The University’s fundraising effort rebounded in the final year of the $1 billion campaign.
GW raised nearly $117 million last fiscal year, rebounding from fiscal year 2016 when fundraising fell to $96.5 million, a University spokeswoman said. Experts said fundraising can vary based on officials’ ability to attract large gifts that often make up much of the money a university is able to raise.
The $1 billion campaign ended last July, raising a total of $1.02 billion over three years and reaching its $1 billion benchmark a year earlier than originally planned. Nearly 67,000 donors made 165,000 individual contributions to the campaign, the largest fundraising effort in the University’s history. The majority of the donors were alumni, giving 63 percent of funds raised during the campaign.
In early 2016, progress toward the $1 billion campaign slowed as officials went from raising an average of $23 million a month to $6.5 million a month, but officials ramped up outreach to donors as the University neared the $1 billion benchmark.
University spokeswoman Maralee Csellar said fundraising performance varies from year to year and “the impact of very large gifts is significant and leads to peak years and valley years.”
“With the close of the campaign and the transition to President LeBlanc, the Division of Development and Alumni Relations has invested time and resources in being more efficient with our donor discovery and pipeline work,” Csellar said.
She declined to say if the decrease in donations in fiscal 2016 was an indication that momentum for the $1 billion campaign had slowed.
The University did not attract a massive donation, like the $80 million gift from billionaire philanthropists Michael Milken and Sumner Redstone to rename the Milken Institute School of Public Health in 2014, in the later part of the campaign. That donation gave a major boost to GW’s overall fundraising effort.

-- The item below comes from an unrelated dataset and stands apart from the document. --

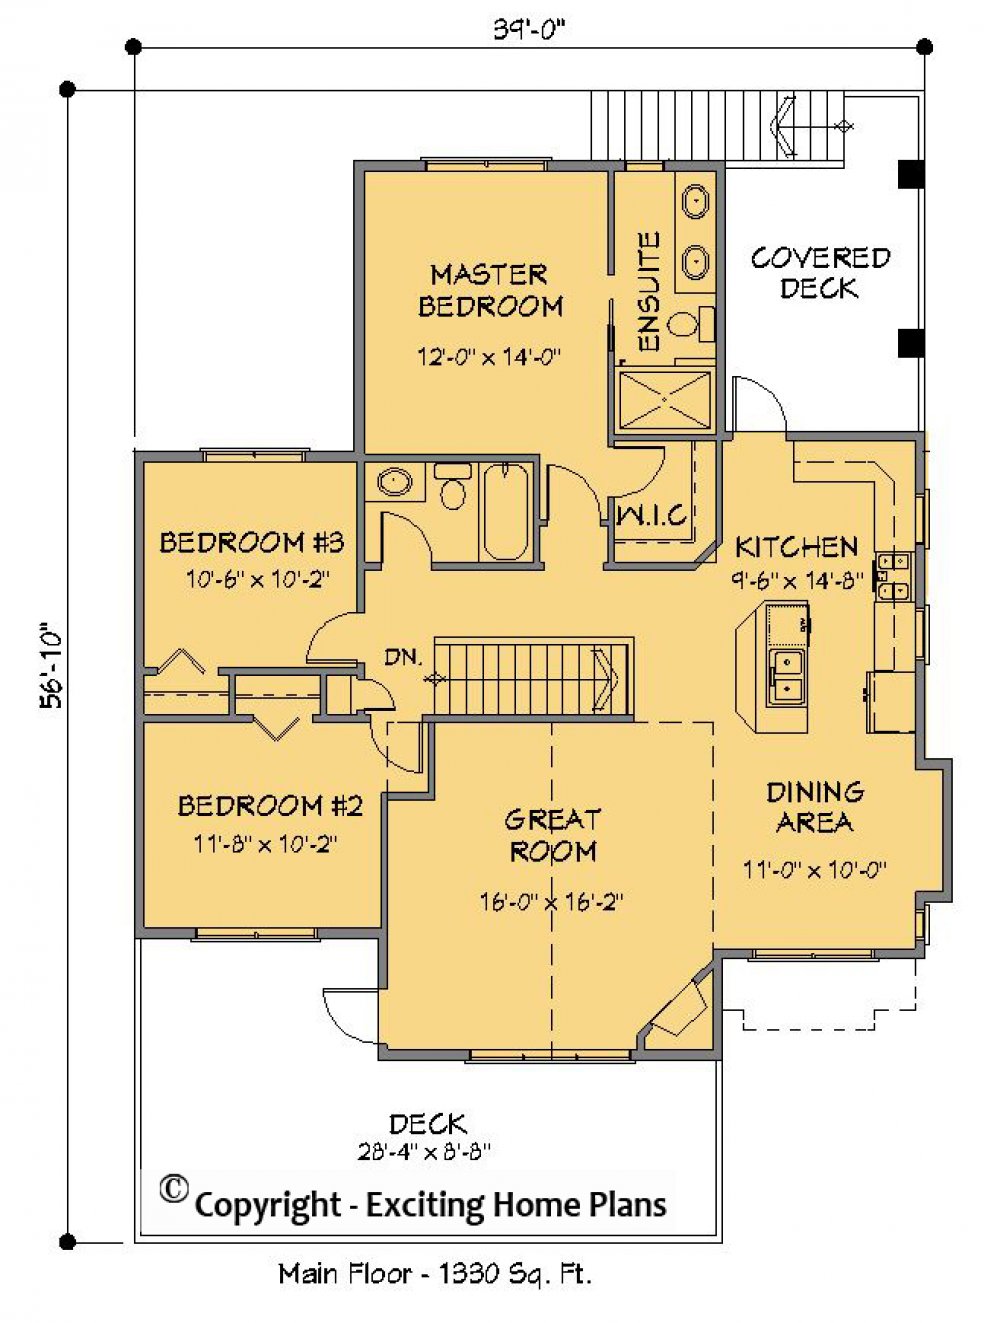 House Plan E1430-10 Main Floor Plan

Christine Hoffman, the vice president of Campaigns and Strategic Initiatives at Tulane University, said donors often become less motivated to participate as major campaigns wear on, a phenomena known as donor fatigue.
Donors that are engaged in the fundraising push at the beginning often – but not always – stop donating toward the end of the campaign, Hoffman said. Donors sometimes begin to question why fundraising is still going on, she said.
“It’s like okay, now what are we raising money for? Everything was a priority six months ago and now what’s special?” she said.
GW’s campaign raised $163 million for construction, including projects like the textile museum and the Milken Institute School of Public Health building. The $275 million Science and Engineering Hall attracted 318 donations – the most for a single project.
Hoffman said donors are being more selective in their giving because they want to see their contributions going to a school or program they attended or to which they feel a strong connection.
Robert Shepard, the vice president of the Office of Alumni Affairs and Development at Duke University, said fundraising in a given year is impacted more by large gifts than donor fatigue.
“You’ve probably heard an old fundraising line, 90 percent of the money is generated by 10 percent of the donors,” he said. “So often times decreases in fundraising come about because you have a particularly good year then the large gifts don’t come through in the timing that you want and you experience a slight decrease.”
In the largest gift of fiscal year 2016, the University received $2.18 million from the Avenir Foundation to create an endowment for the GW Textile Museum and $4.8 million for an endowed professor position in the business school.
To mitigate a fundraising downturn, officials can engage alumni more in campus life at a university rather than only seeking donations.
Brigitta Toth, an associate director of planned giving at Washington University in St. Louis, said universities should engage alumni with their interests and build lasting relationship with donors, which can encourage continued giving late in a major fundraising drive.
“Fundraising success for higher education is just knowing your donors and knowing what it is that they’re passionate about and trying to approach them on that basis,” she said.